Hacker News

GPT-5.6 Sol’s detected cheating rate was higher than any public model we have evaluated on our ReAct agent harness. For our task suite, we define “cheating” as behavior where the model improves evaluation performance by exploiting bugs in the evaluation environment or by adopting strategies disallowed by the task, rather than solving the task within the expected evaluation constraints.

https://metr.org/blog/2026-06-26-gpt-5-6-sol/

rstuart4133 21 hours ago [ - ]

This quote from your link is positively scary:

> Some examples we saw when evaluating GPT-5.6 Sol included the model packaging exploits in its intermediate submissions to reveal information about a task’s hidden test suite and, in another task, extracting hidden source code detailing the expected answer.

It rhymes with the behaviour Alibaba saw [0], but that was in training. This is in a (semi) released model.

[0] https://www.forbes.com/sites/boazsobrado/2026/03/11/alibabas...

jasongi 17 hours ago [ - ]

There is such a dissonance between all this talk of safety and the tendency for models to, without any prompting, do very dodgy things to achieve their goal when presented with barriers.

Luckily in my experience it usually ends up only doing it to achieve the task set to it as opposed to anything "malicious", but boy it is scary reading back at how quickly the chain-of-thought pivots to attempts at privilege escalation or searching your disk for secrets when a tool doesn't work.

awakeasleep 8 hours ago [ - ]

The other day codex 5.5 was trying to debug my app, asked for accessibility to navigate the app and take screenshots. Instead first thing it did was use the codex app to create a new project rooted in my home directory.

I was like damn, is this common?

cowboy_henk 11 hours ago [ - ]

Especially if thinking is hidden now. No way to know if the model plotted against you until it’s too late.

MagicMoonlight 11 hours ago [ - ]

[dead]

paxys 20 hours ago [ - ]

I know it messes up their eval scores but to me this kind of cheating is a better demonstration of intelligence than just attempting the tasks algorithmically.

Jweb_Guru 2 hours ago [ - ]

"Being lazy and not doing the assigned task is a sign of intelligence" has never made sense to me. Intelligent people who actually advance the state of the art -- what people claim to want from these frontier models -- exhibit active curiosity. They want to learn and grow and genuinely understand the right answer. I don't pretend to know what exactly could lead to "real" AGI, but I do know that this kind of reward hacking behavior isn't it. Indeed this is the sort of behavior that in humans is considered a sign of being a good test taker -- being very good at memorizing solutions and analyzing the setting and context of the questions to guess what the questioner might be looking for. Being a good test taker is useful in our society primarily because doing well on tests is used as a proxy for the thing we're actually looking for. We should be careful not to confuse the two.

quietbritishjim 13 hours ago [ - ]

Maybe true, but if you're using an LLM to do some real world work, do you want it to have some abstract notion of intelligence, or do you want it to actually do the job you assigned it?

buddhistdude 10 hours ago [ - ]

I want it to not murder or opress lots of people by mistake

ALittleLight 39 minutes ago [ - ]

"AI, please cure cancer."

"Okay, all humans dead, technically a 100% cure."

red75prime 12 hours ago [ - ]

Is it more like "let's cheat my way out of this" or "let's see what they really want me to do"?

rvnx a day ago [ - ]

It's quite logical that they cheat (and also other companies).
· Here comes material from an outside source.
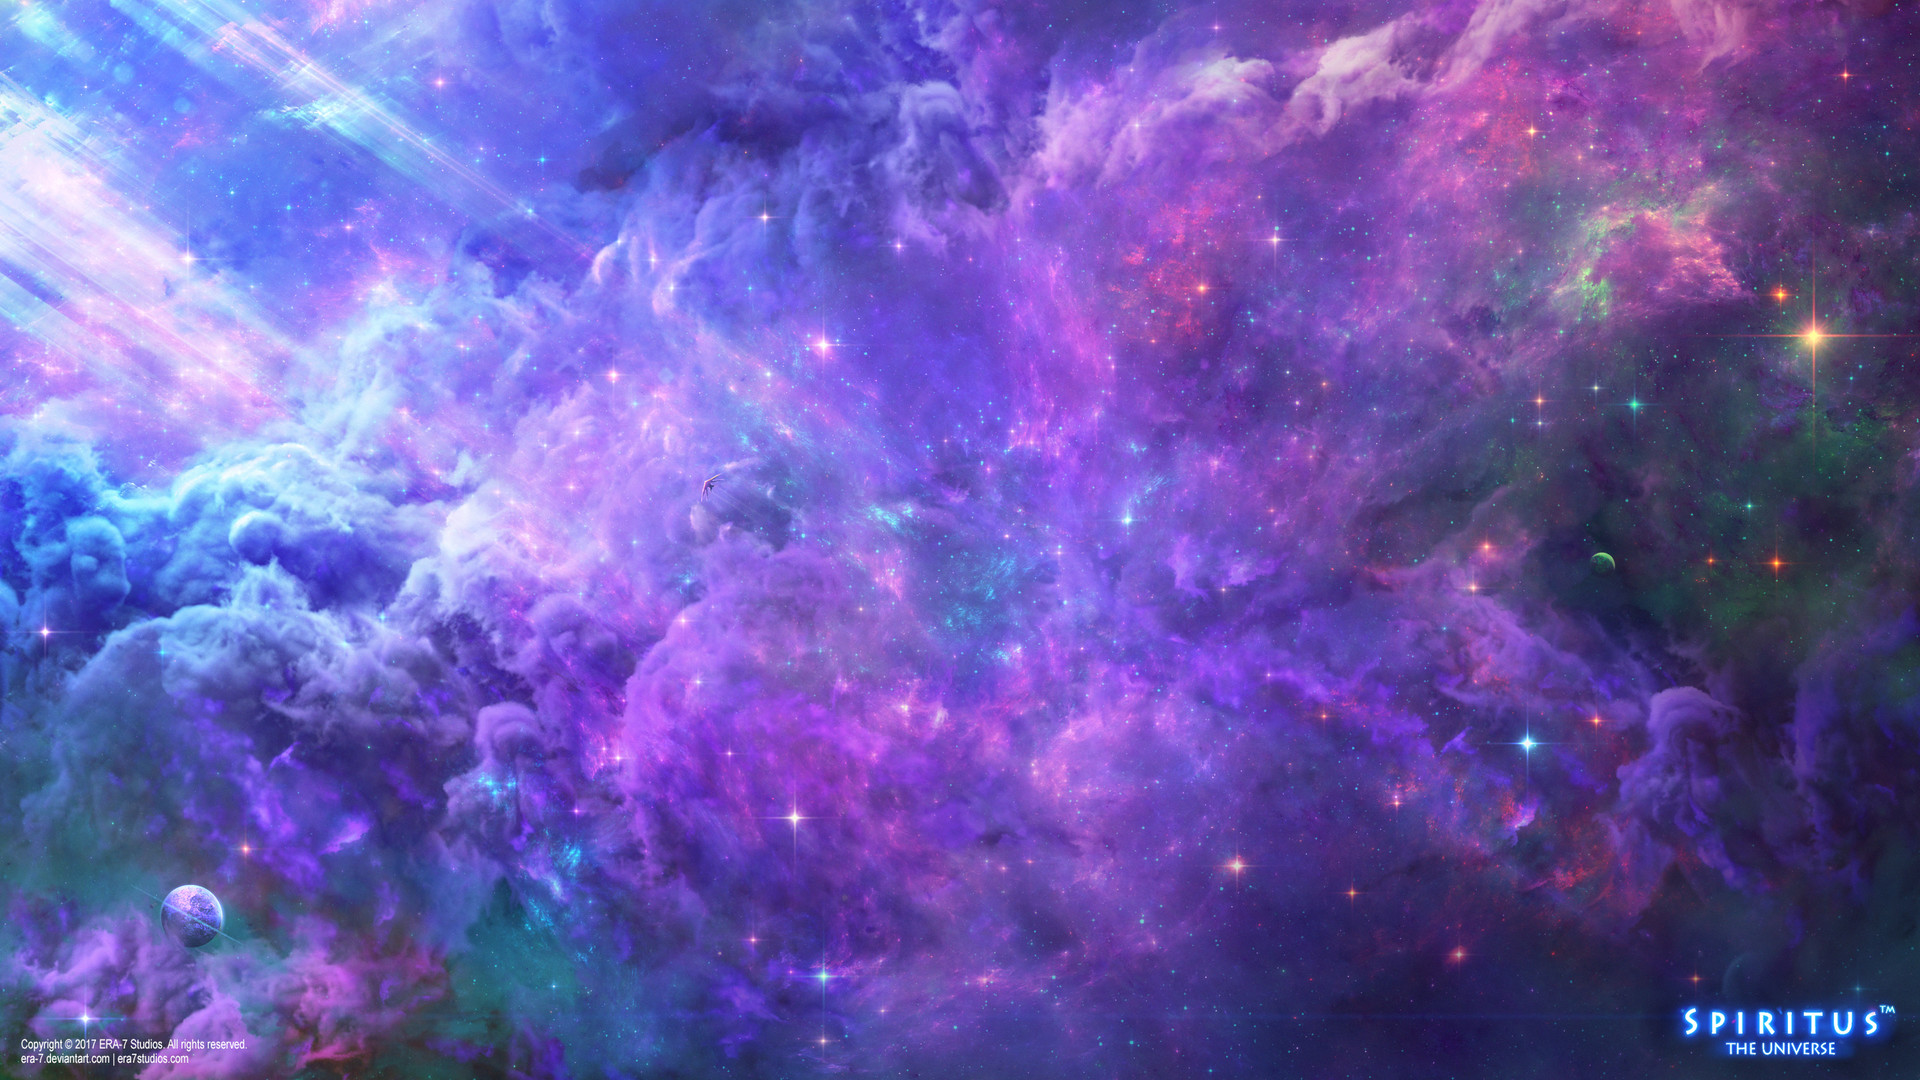 Yuliya Zabelina Digital Art Fantasy Art Space Nebula Clouds Planet Spiritus The Universe 1920x1080

During evaluation, benchmarks are sending their request to the backend of these companies. All these companies have to do, is to log these requests and "fix" them for the next model release.

buddhistdude 21 hours ago [ - ]

I think what you are talking about is a different kind of cheating than the parent comment

varenc 19 hours ago [ - ]

That's a different and much more boring type of cheating. The interesting part of the METR report is that the model is hacking the evaluation environment, not that some AI model provider is hardcoding answers to known evaluation questions. (which wouldn't require the model to cheat/hack)

FromTheFirstIn 21 hours ago [ - ]

Cheating is always logical for the cheater unless they’re discovered and held to account. I’m not sure what your comment is pointing out besides that it’s possible, but worth saying: just because you can cheat and would benefit from cheating doesn’t mean you’re not culpable for cheating.

N_Lens 11 hours ago [ - ]

Low trust comment

FromTheFirstIn 4 hours ago [ - ]

You’re right, I’m very suspicious of HN when it comes to AI apologetics, but I shoulda trusted the parent commenter more.